Бродского я до этого видела, он выступал в Союзе писателей на секции переводчиков. Был тогда очень забавного вида мальчик с ярко-рыжей шевелюрой, огненно-рыжей, и все лицо густо усеяно веснушками. Он сидел на краю стола, его просили почитать переводы, он сказал: чего я буду вам читать переводы? Переводить вы сами умеете, я вам лучше почитаю свои стихи. И стал читать изумительные стихи. Он их читал, как все русские поэты, — без выражения, не думая о смысле, а только подчиняясь ритму. Все присутствующие были зачарованы. Сразу стало ясно, что это настоящий, большой, очень сложный, совершенно новый, совершенно другого типа поэт, чем те, которых мы знали. Ну и вот теперь его судили за тунеядство.

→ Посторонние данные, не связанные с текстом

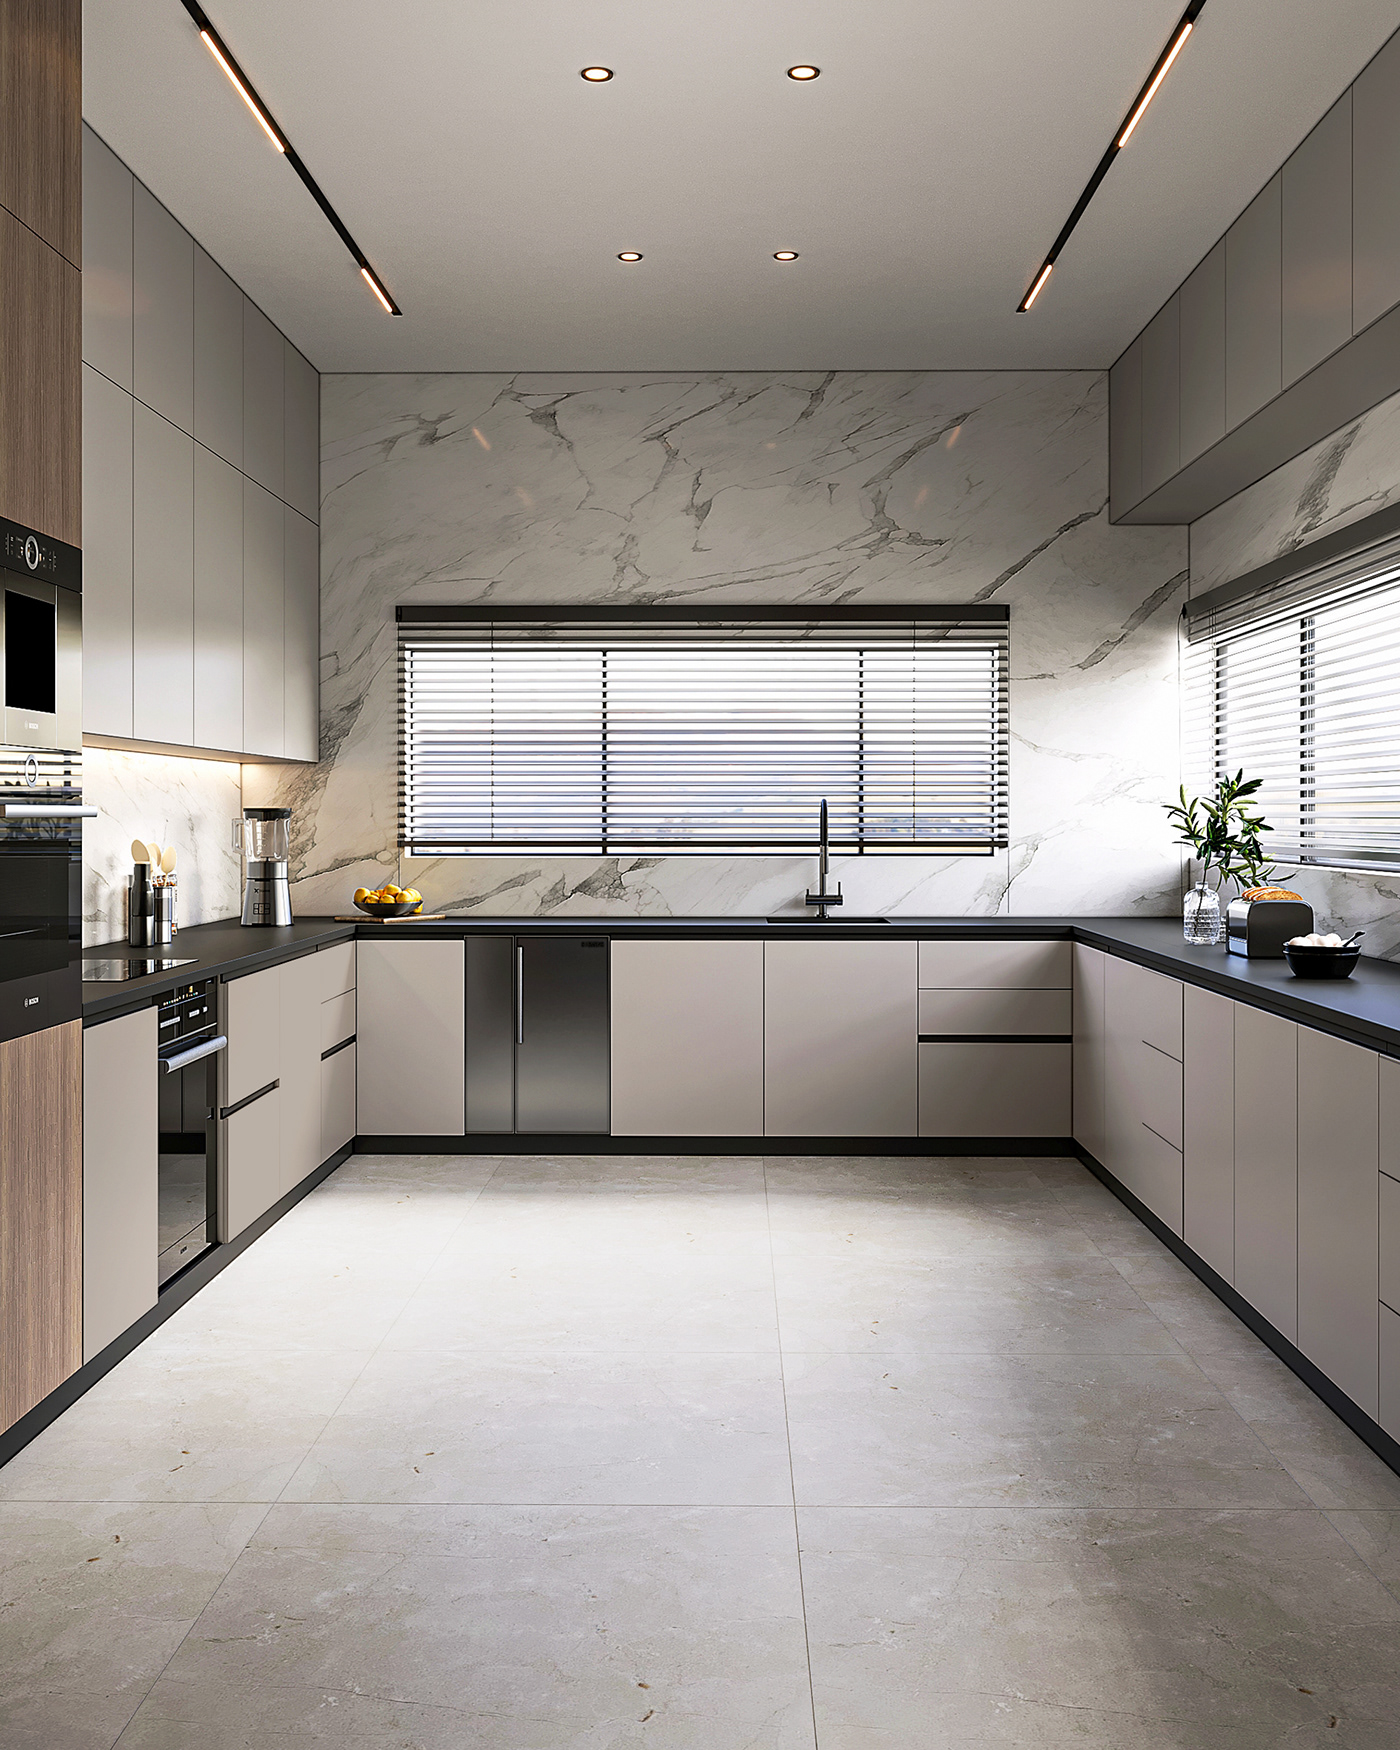 drawer Sink kitchen interior design  visualization architecture Render corona 3ds max design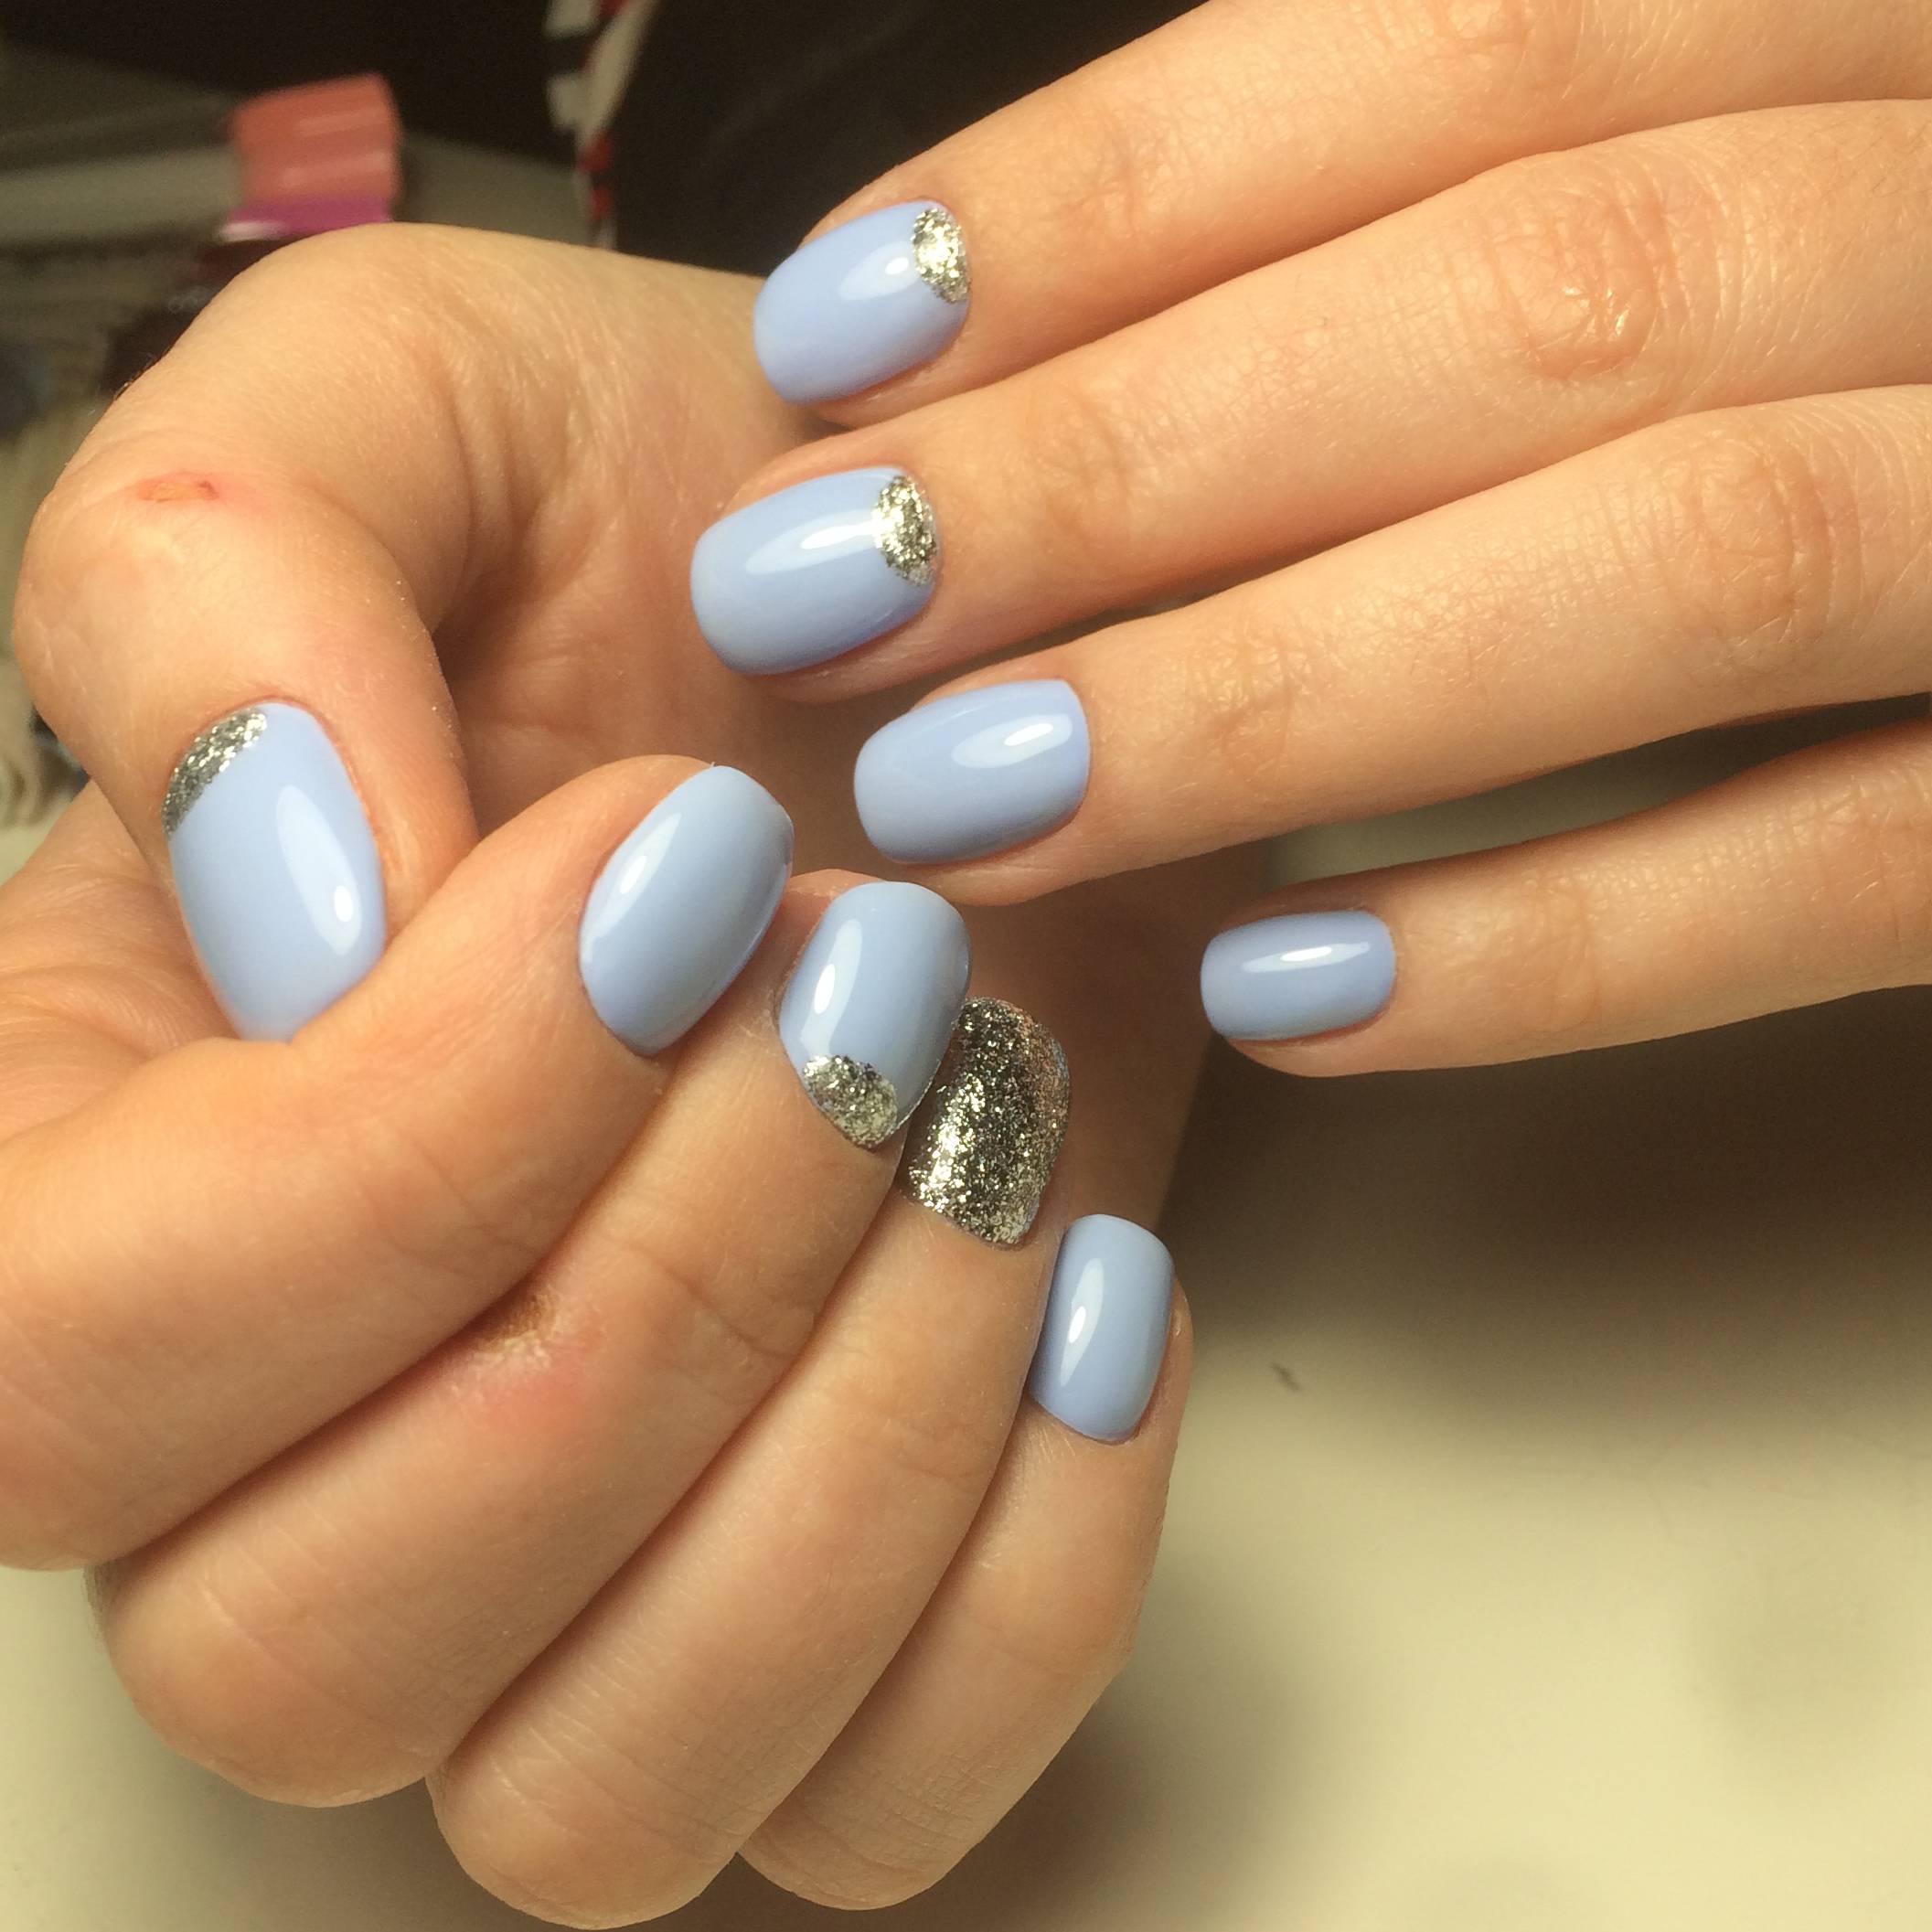 Дизайн ногтей голубого цвета фото

И в последний вечер, в канун отъезда Вернанов, кто-то нам принес стенограмму процесса Бродского, которую записала Фрида Вигдорова.[32] Я дала ее читать Лиде, а потом сказала: Жипе, я хочу тебе ее перевести. Я не могу, чтобы ты уехал, ее не прочитав, более того, ты должен увезти ее с собой. Ну, Лида, читая, стала рыдать, потому что ее коммунистические идеи это очень оскорбляло. А Жипе сказал: хорошо, я это возьму во Францию, отдам перевести и покажу товарищам. На этом они уехали. Потом я узнала, что Лида заболела. Так ей тяжело далось это, так сказать, развенчание ее идеалов, ее иллюзий.